The issue of buyer control of suppliers, i.e., monopsony, isn’t all that new, although the height of the controversy is and there are legal texts on the subject dating back more than twenty years. In a more recent 2008 article in the Utah Law Review [“Predatory Buying and the Antitrust Laws”], Roger D. Blair and John E. Lopatka summarized the issue just raised again by Amazon’s efforts to force Hachette to lower ebook prices below ten dollars:
“The fact that an increase in monopsony power may have little impact on consumers does not mitigate the antitrust concern, because the negative impact on sellers by itself warrants equal antitrust concern, a point oddly unacknowledged by the Supreme Court in its Weyerhauser decision. Just as monopsony and monopoly are economically symmetrical, predatory buying and predatory pricing are legally symmetrical…”
Or as several other legal scholars have pointed out, an illegally obtained monopsony might well violate U.S. antitrust law, but, to date, no U.S. court has ever found a single company guilty of an illegal monopsony. Or put more bluntly, so far, the U.S. legal system and the Department of Justice seem to believe that any action resulting in lower prices for consumers is socially beneficial, regardless of how those prices are obtained, and what economic damage is wreaked on the suppliers and producers.

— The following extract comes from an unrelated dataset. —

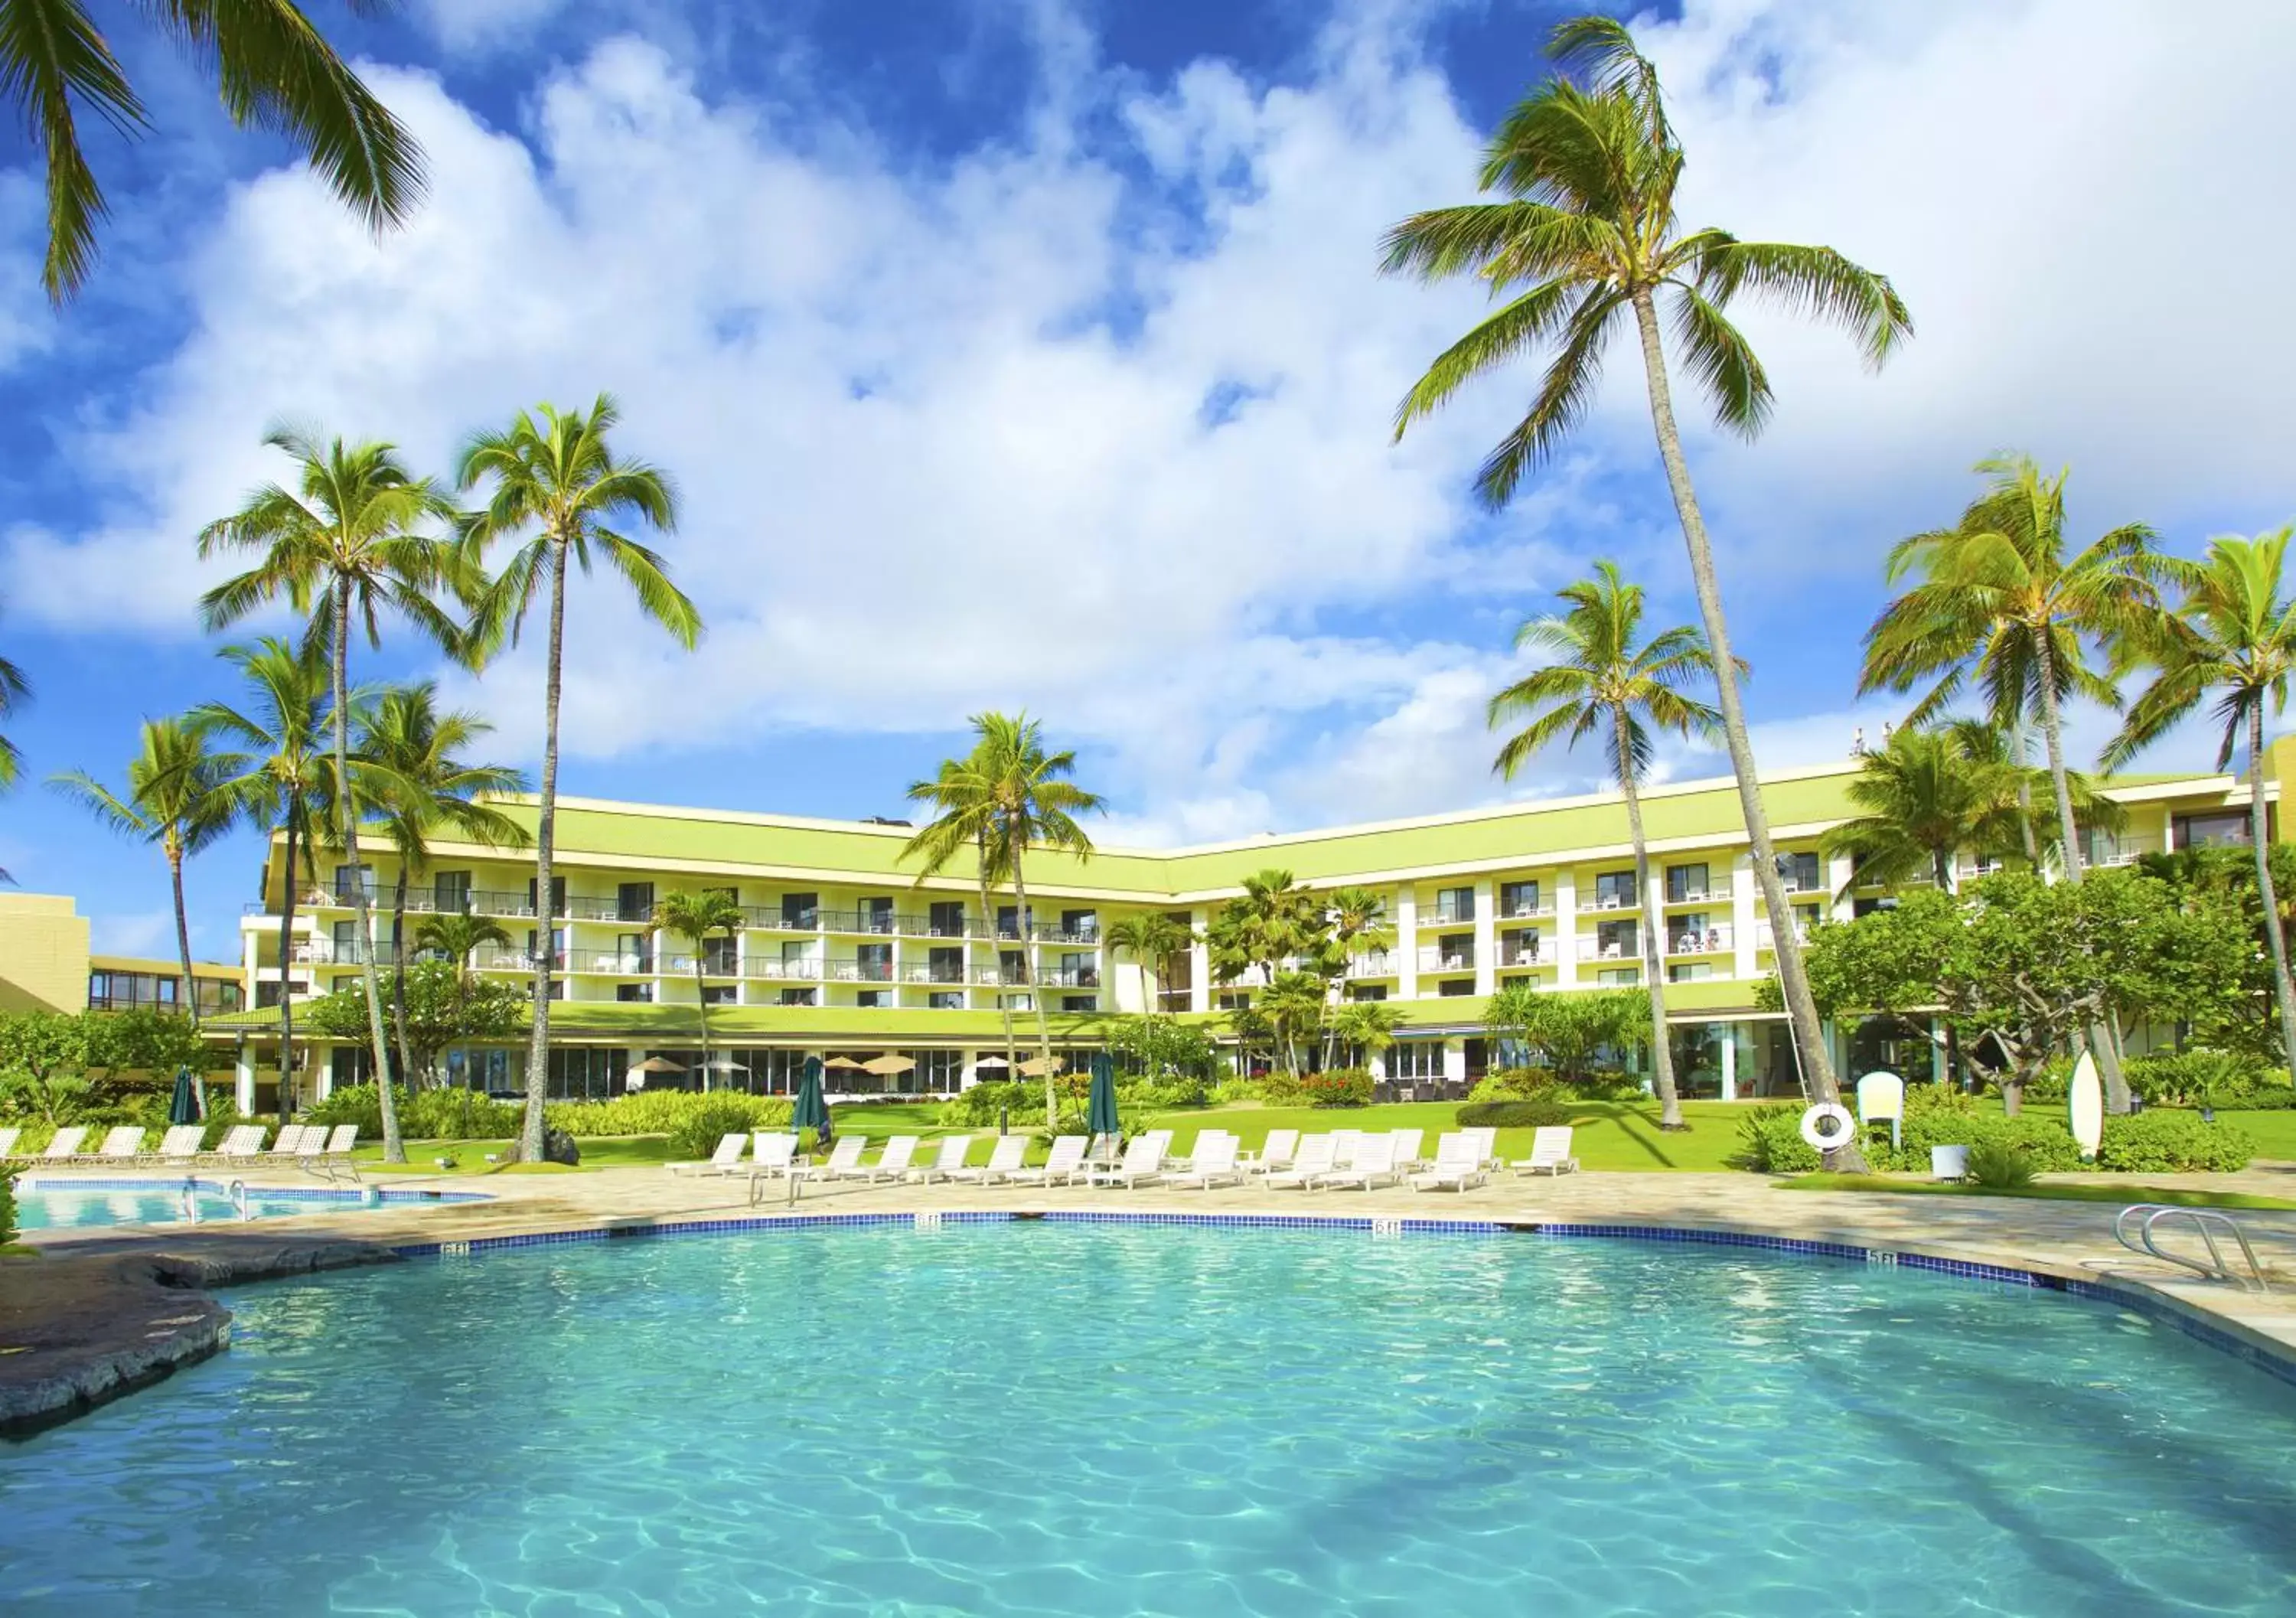 Property building, Swimming Pool in OUTRIGGER Kaua'i Beach Resort & Spa

The problem with the “lower prices are always better” argument is that it focuses solely on one aspect of economic social good. Both Walmart and Amazon exert monopsony power, and both arguably keep total compensation for employees low, while also forcing supplier prices lower. Both do so in markets where profit margins are narrow. This requires cuts in expenses by suppliers, and that means, in turn, that the suppliers can pay their employees and suppliers less.
Overall, despite stories of individual writers and suppliers who benefit from Amazon and/or Walmart, the emphasis on low prices regardless of the consequences translates into lower incomes for millions of people, ranging from minimum wage workers through struggling writers all the way to best-selling authors. Best-selling authors can obviously take a hit in earnings, even if they don’t much care for it, but for every best-selling author there are tens of thousands if not hundreds of thousands of lower-compensated individuals whose earnings are reduced by this sort of illegal market manipulation. And monopsonies that depress supplier earnings below a free-market level are in fact illegal under U.S. law.
So… what’s the ethical difference between Amazon and Walmart, who use monopoly/monopsony market power to keep prices down, and thus wages and payments to suppliers artificially low, and all those companies who outsource manufacturing to low-paid workers in third world countries?
After all, aren’t low prices and high profits the great American dream?
“Lower prices are always better” is a common misperception…. as is “Better quality is more expensive.”
Whatever the arguments for or against, the bottom line (for me) is that if I have need of a good quality item that I must rely upon, I am willing to spend extra money to know that what I am getting is good. Do I try out new things? Absolutely. The enemy of good is better… but I try not to be a slave to either chasing the endless low price, the next newest thing, or clinging like a limpet to the “oldies but goodies.”
Unfortunately, walking that line is hard. Like everything, it takes effort.
This blog post is brilliant. Well said sir.
A very interesting article. But I do not think that the publishers are faultless in the current situation. Both Amazon and the publishing industry are motivated by maximizing their profits; they have a right to decide what they will carry and sell. You have previously blogged that many excellent midlist writers with steady sales have been dropped by their publishers who search for the next superstar bestsellers (more of the Twilight and Shades of Gray for our reading public??). This has happened to writers that I enjoyed who disappeared after being dropped. At least Amazon provides these writers with an option to self publish, and for us readers to continue reading their works. Amazon could drop the publishers (such as Hatchette) who are in a dispute with Amazon; instead Amazon is continuing to sell their products albeit with delays and higher prices. Publishers who drop their midlist authors are simply dropping them.
For me the primary benefit of Amazon is not low price guarantees, but the huge variety of books, and the opportunity to read new writers. LOVE the opportunity to read samples, sample readings and reader reviews great increase the likelihood that I will buy books from new or unknown authors.